Web fonts at the crossing - pingswept
http://www.alistapart.com/articles/fonts-at-the-crossing/

======
samdk
The Font Squirrel @font-face generator
(<http://www.fontsquirrel.com/fontface/generator>) which was mentioned in the
article is very very handy if you want to do @font-face replacement. It _just
works_ in every browser I've tried it in (including IE6-8). How many other
"new" CSS features can you say that about?

Just make sure you're using it responsibly and understand how to use the fonts
you're using. Some of the better and more popular @font-face embeddable fonts
like League Gothic and Chunk need to be kept large to be readable and really
shouldn't be used in large blocks of text.

If you're looking for @font-face embeddable fonts, Font Squirrel is again a
good resource (<http://www.fontsquirrel.com/fontface>), and The League of
Movable Type has some more (<http://www.theleagueofmoveabletype.com/>).
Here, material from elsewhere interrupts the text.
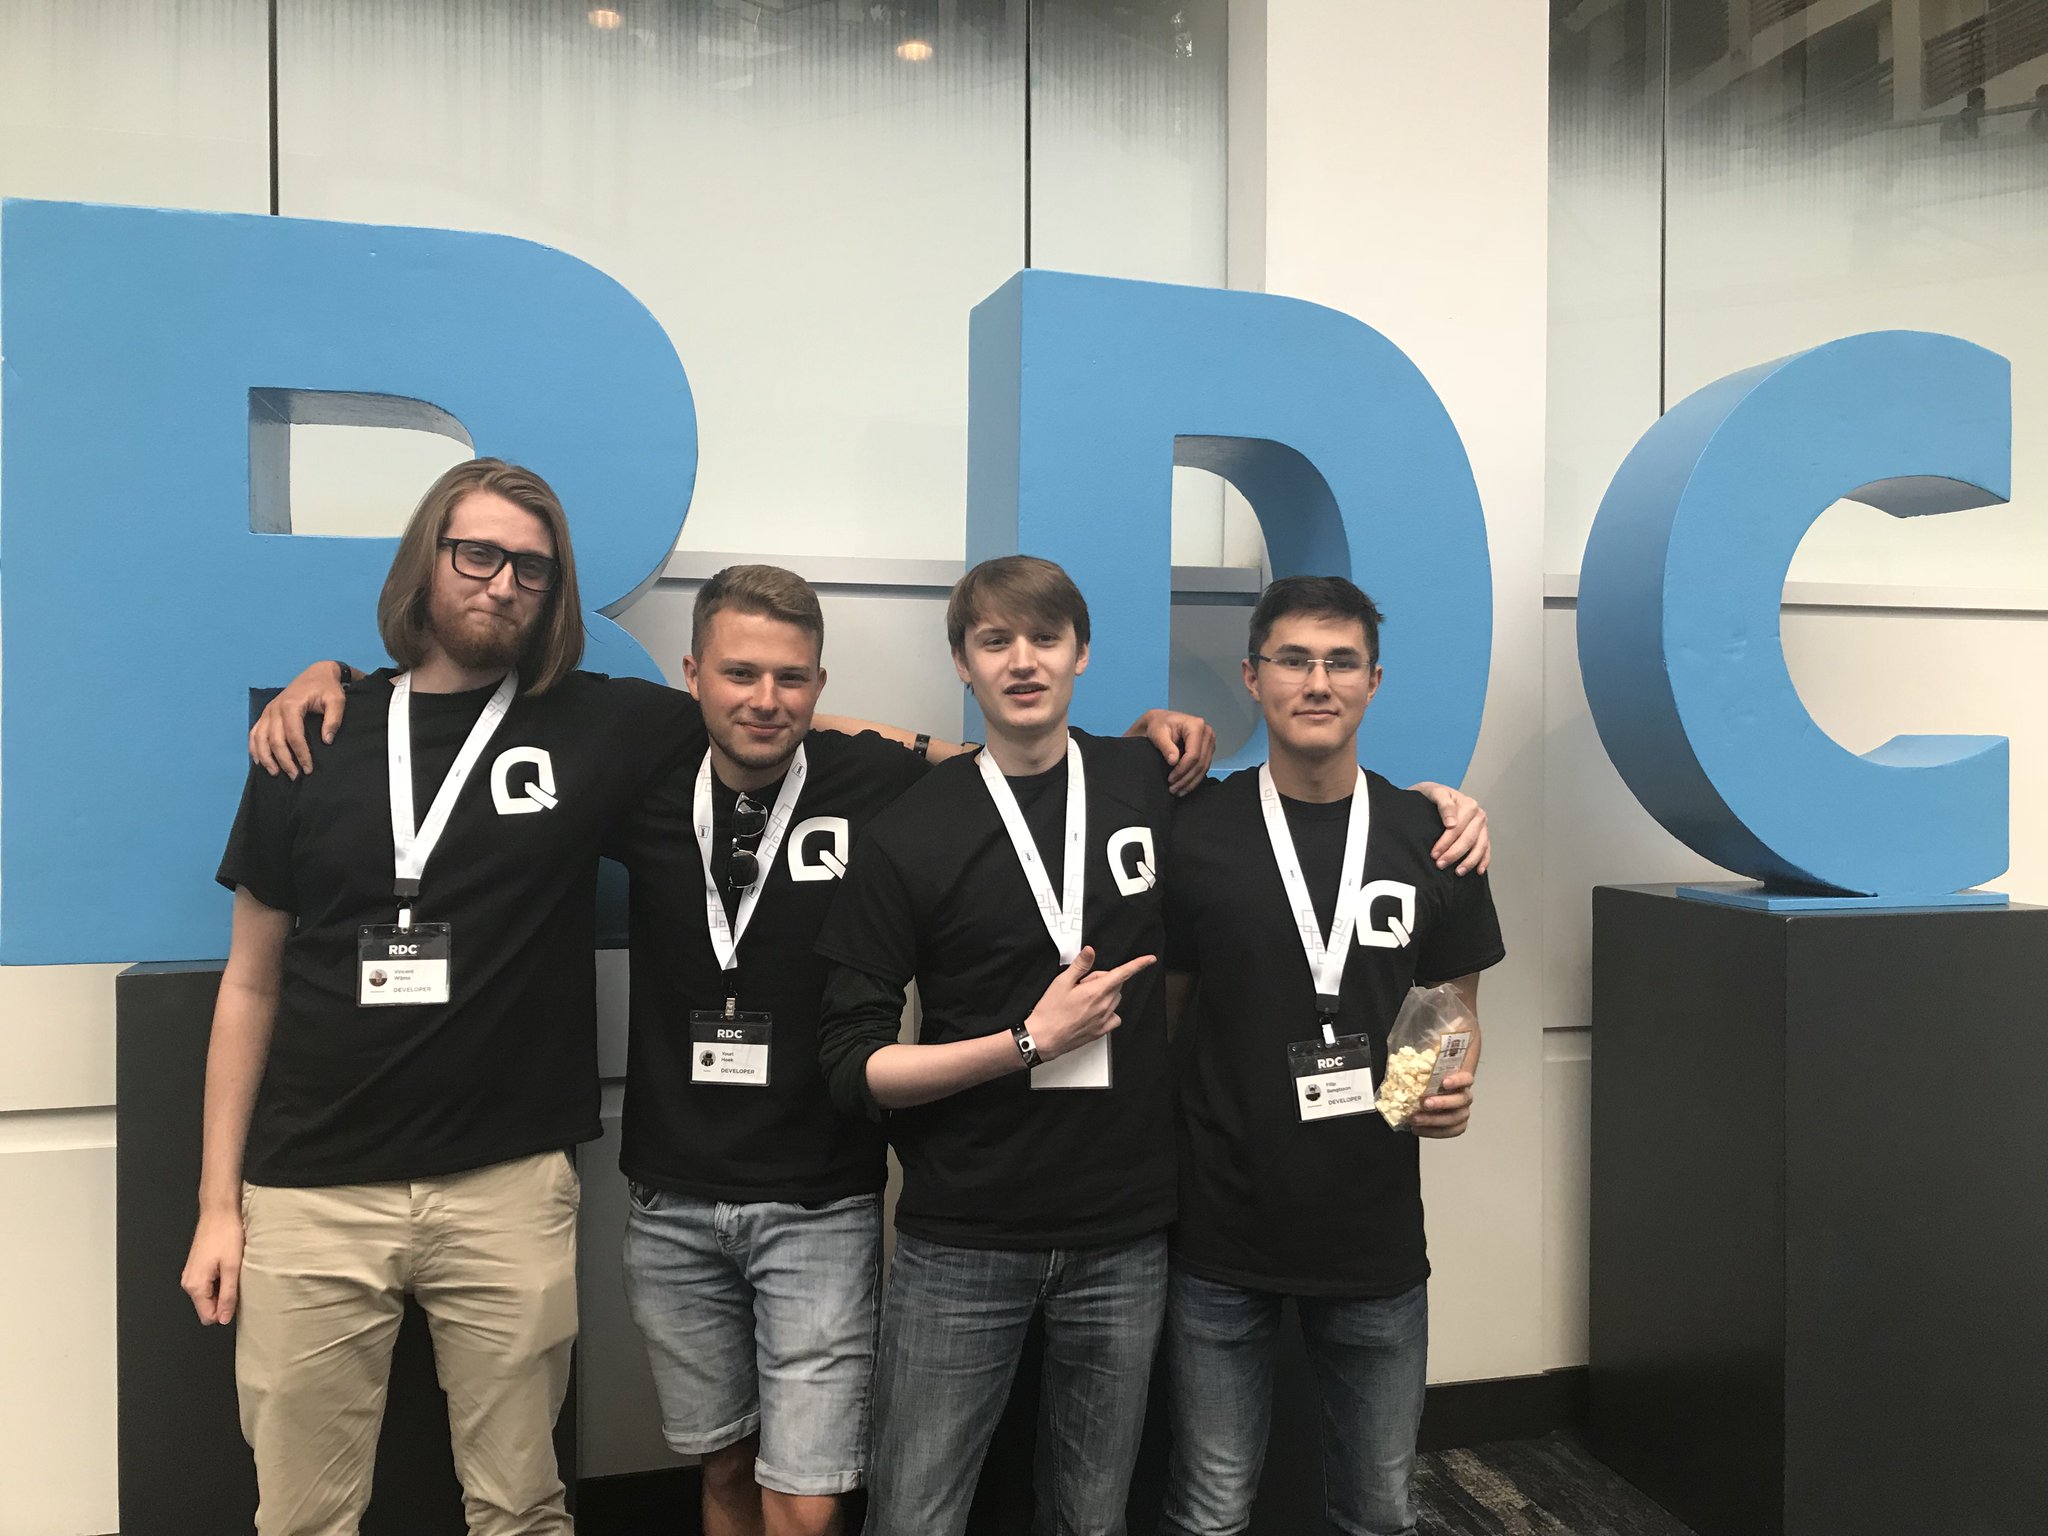 Roblox Developer Relations On Twitter We Found The Q Clash Team At Rdc2018 And Asked Them What They Ve Enjoyed So Far They All Said The Same Thing The Food Be Sure To - event how to get the rdc shirt roblox developers

The
League's fonts are all categorized by use type too, which is helpful if you're
not sure what's a good display (headline) face and what's a good text face.

------
alanh
I take issue with the author's assertion that IE9 / DirectWrite font rendering
is decent. It is not.

Screenshot:
[http://30.media.tumblr.com/tumblr_l4bvoyUBFG1qz8fb2o1_400.pn...](http://30.media.tumblr.com/tumblr_l4bvoyUBFG1qz8fb2o1_400.png)
(More info: [http://aggregated.alanhogan.com/post/719242884/richard-
fink-...](http://aggregated.alanhogan.com/post/719242884/richard-fink-wrote-
in-a-list-apart-the-font))